━━━ Supplied data ━━━

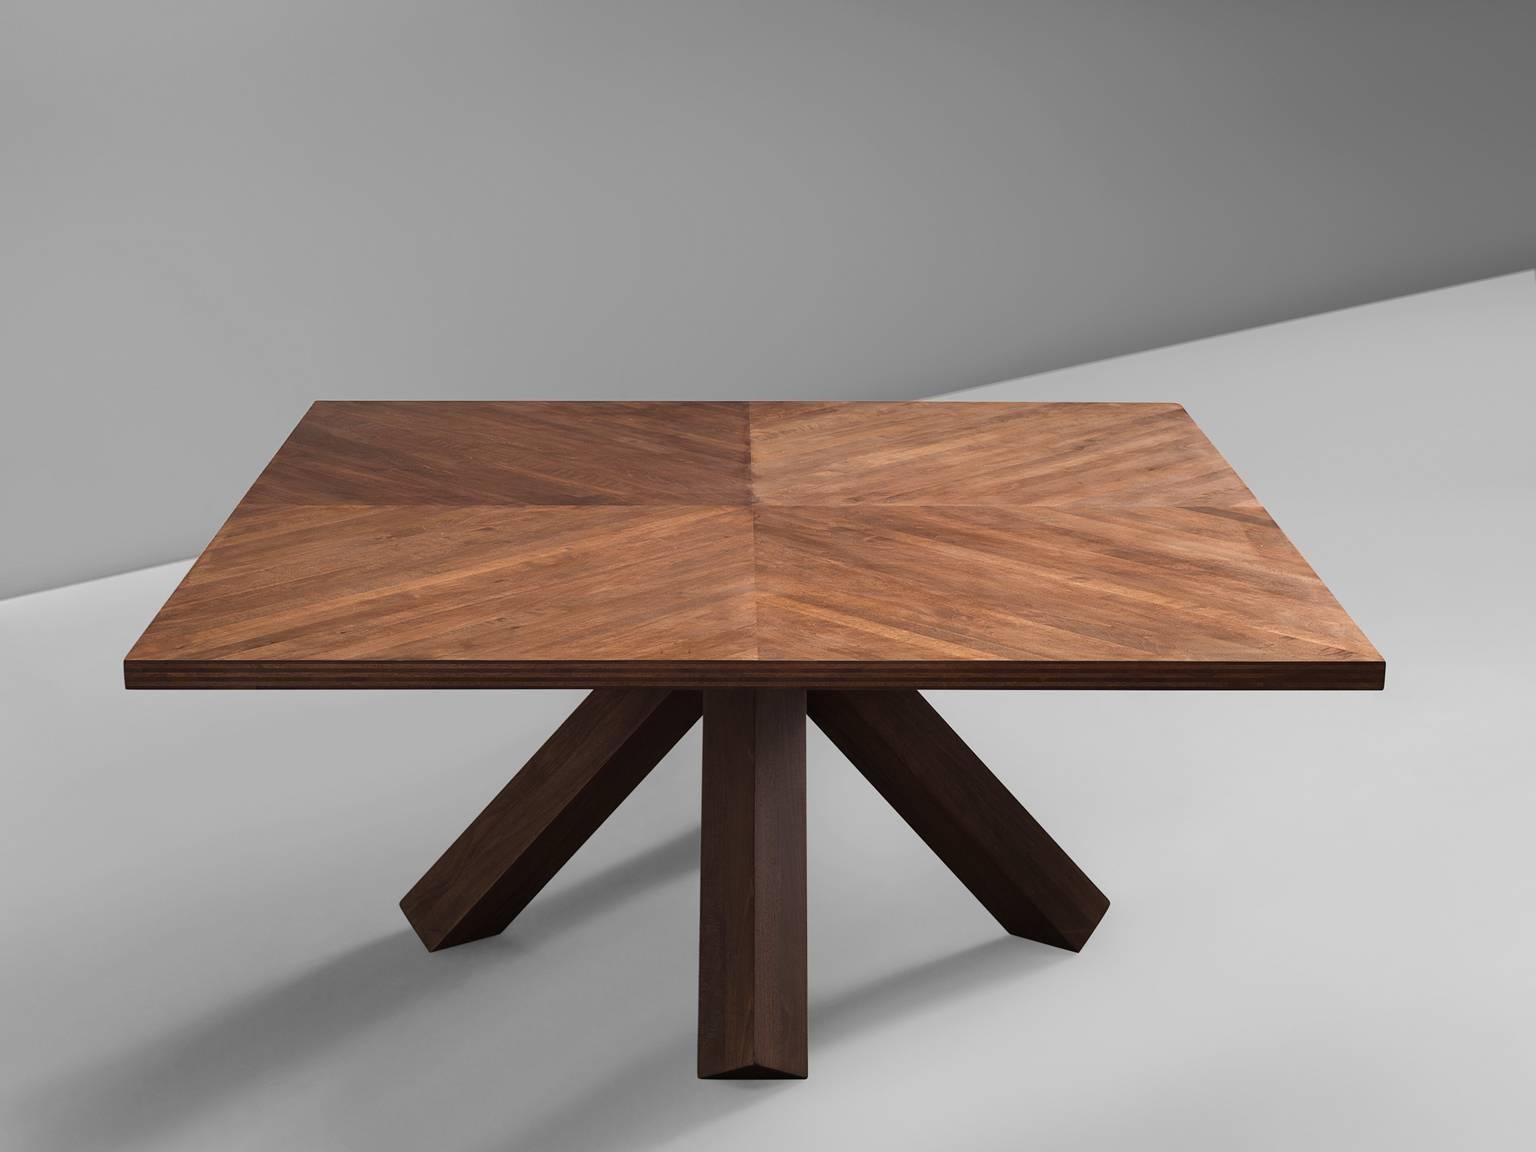 Dining table, wood, Mario Bellini for Cassina, Italy, 1976.

This solemn, architectural coffee table features a hefty, sturdy tripod base and a table that consists of four square elements with several planks. This table is designed by Bellini as
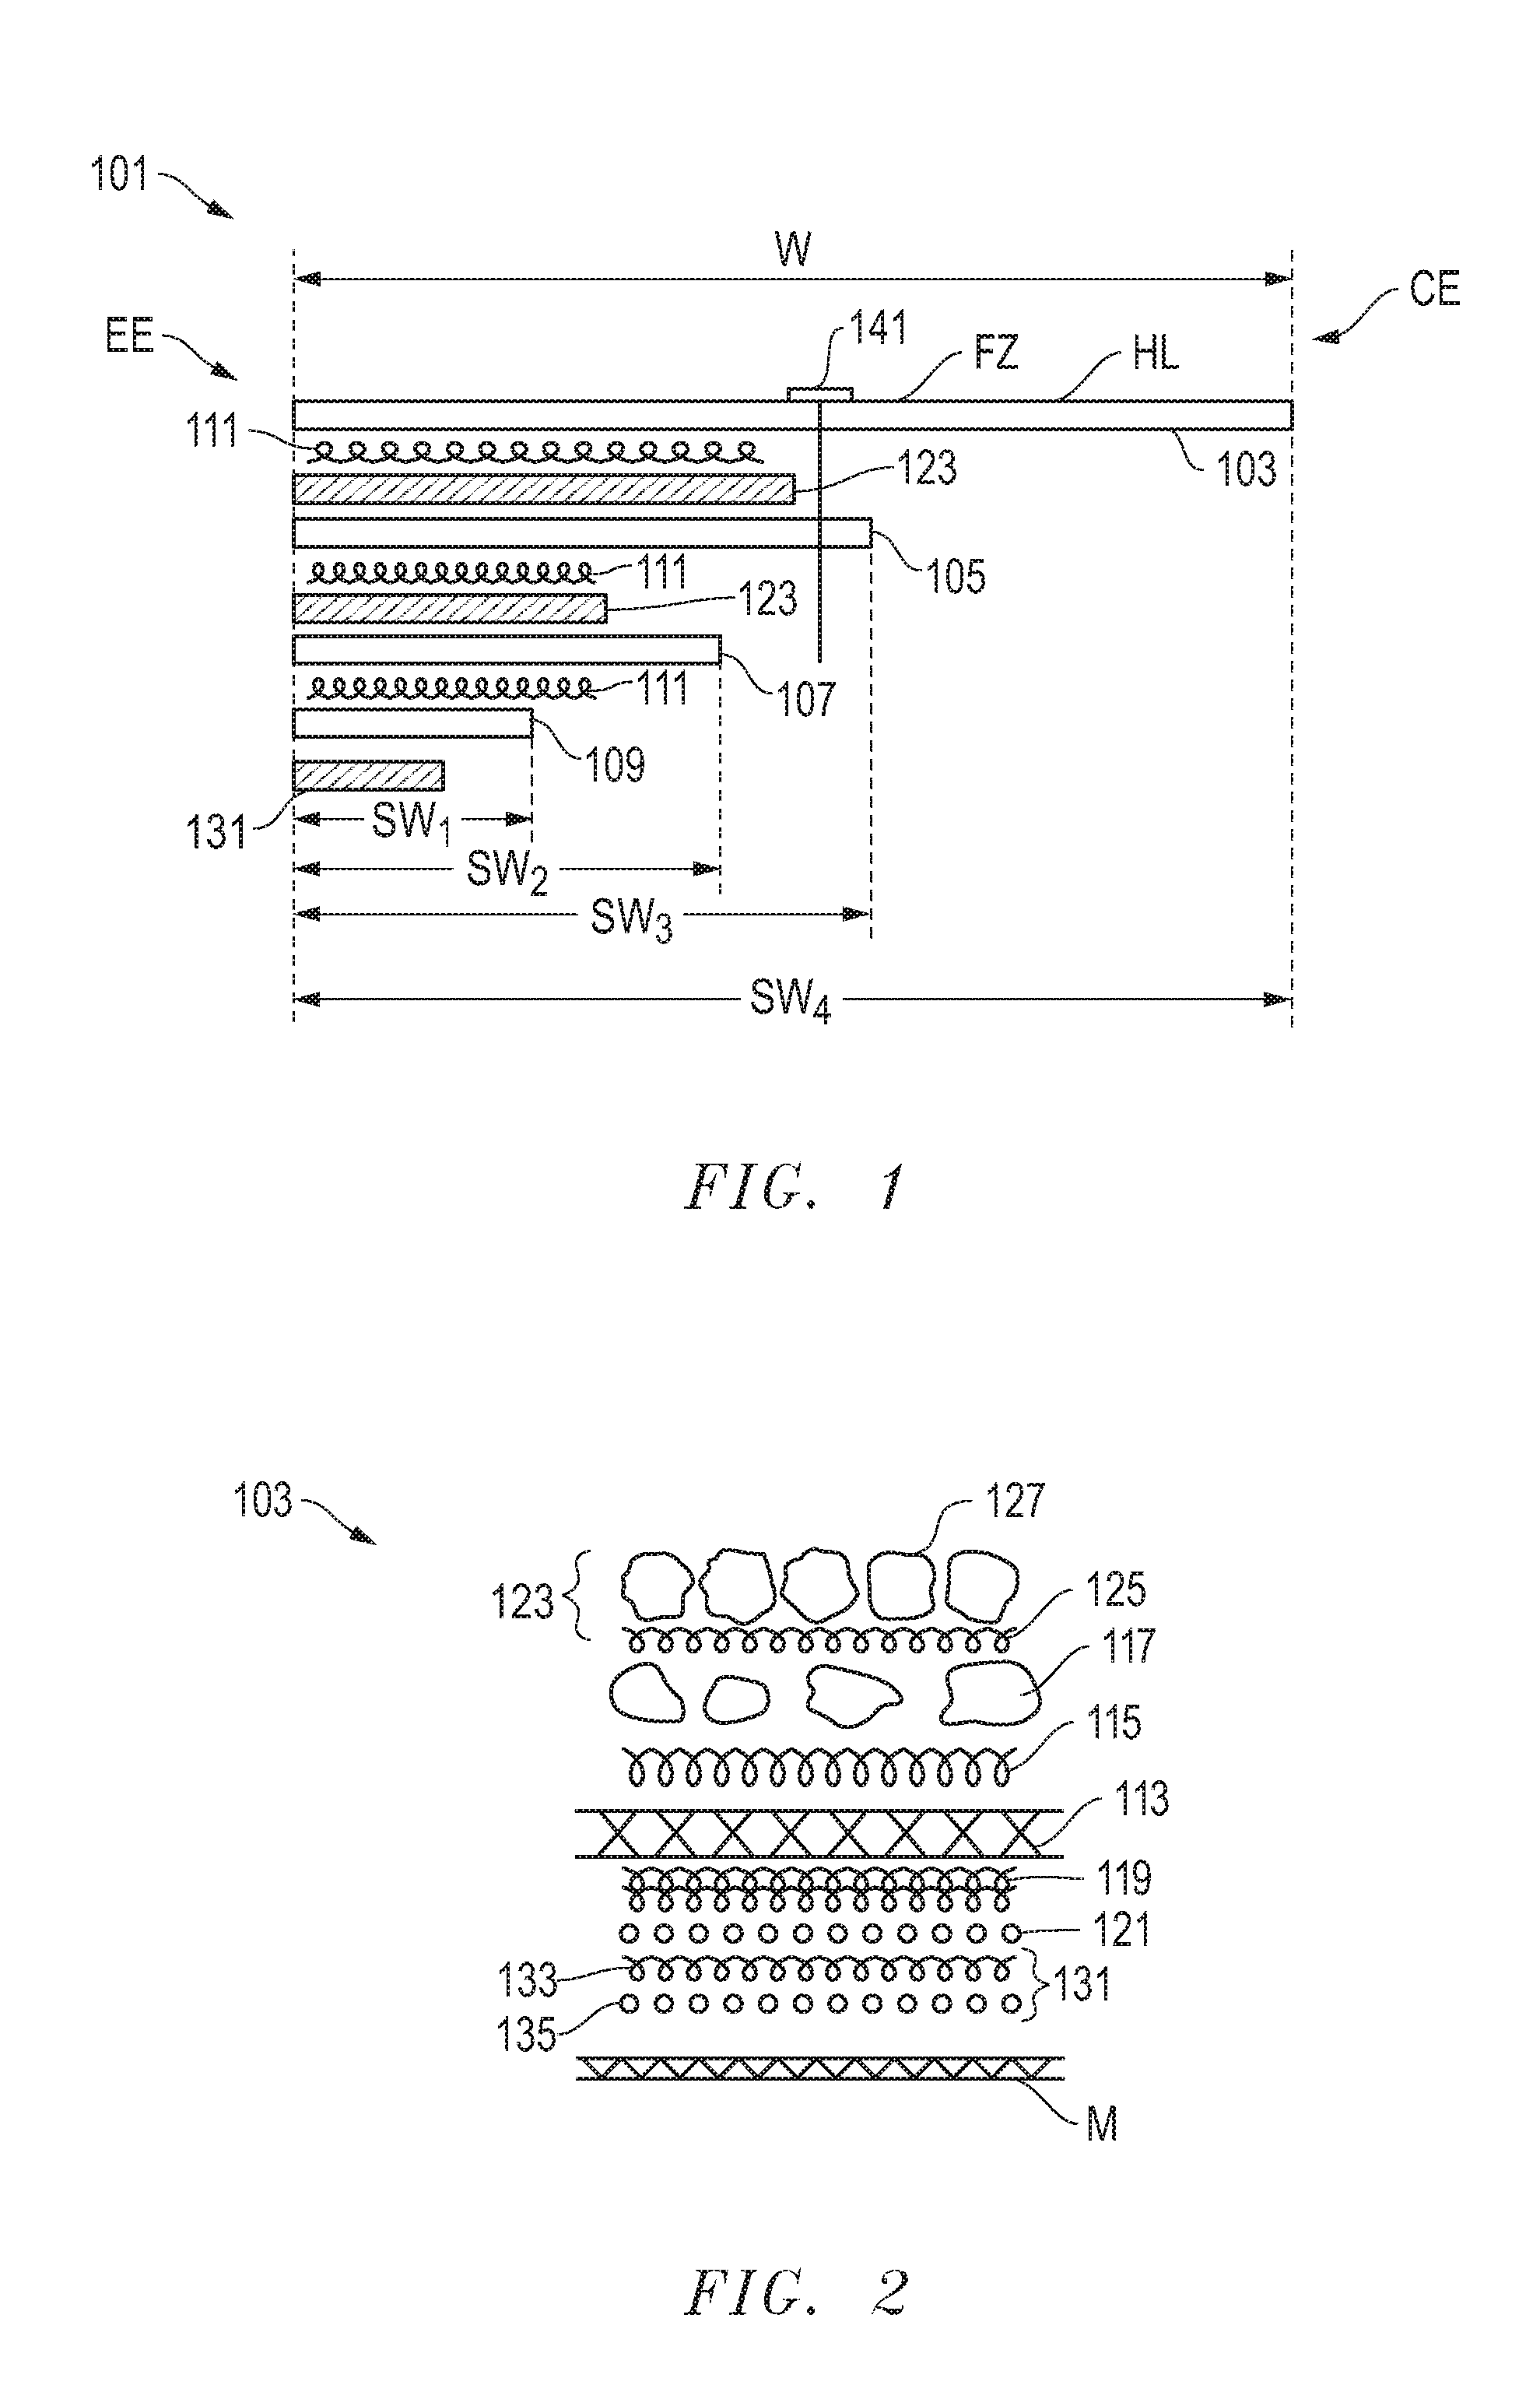 System, method and apparatus for wedge-shaped, multi-layer asphalt roofing

━━━

:: Exercise instructions ::
Could the data be reproduced exactly, with the pictures omitted?

:: Response ::
 Dining table, wood, Mario Bellini for Cassina, Italy, 1976.

This solemn, architectural coffee table features a hefty, sturdy tripod base and a table that consists of four square elements with several planks. This table is designed by Bellini as
 System, method and apparatus for wedge-shaped, multi-layer asphalt roofing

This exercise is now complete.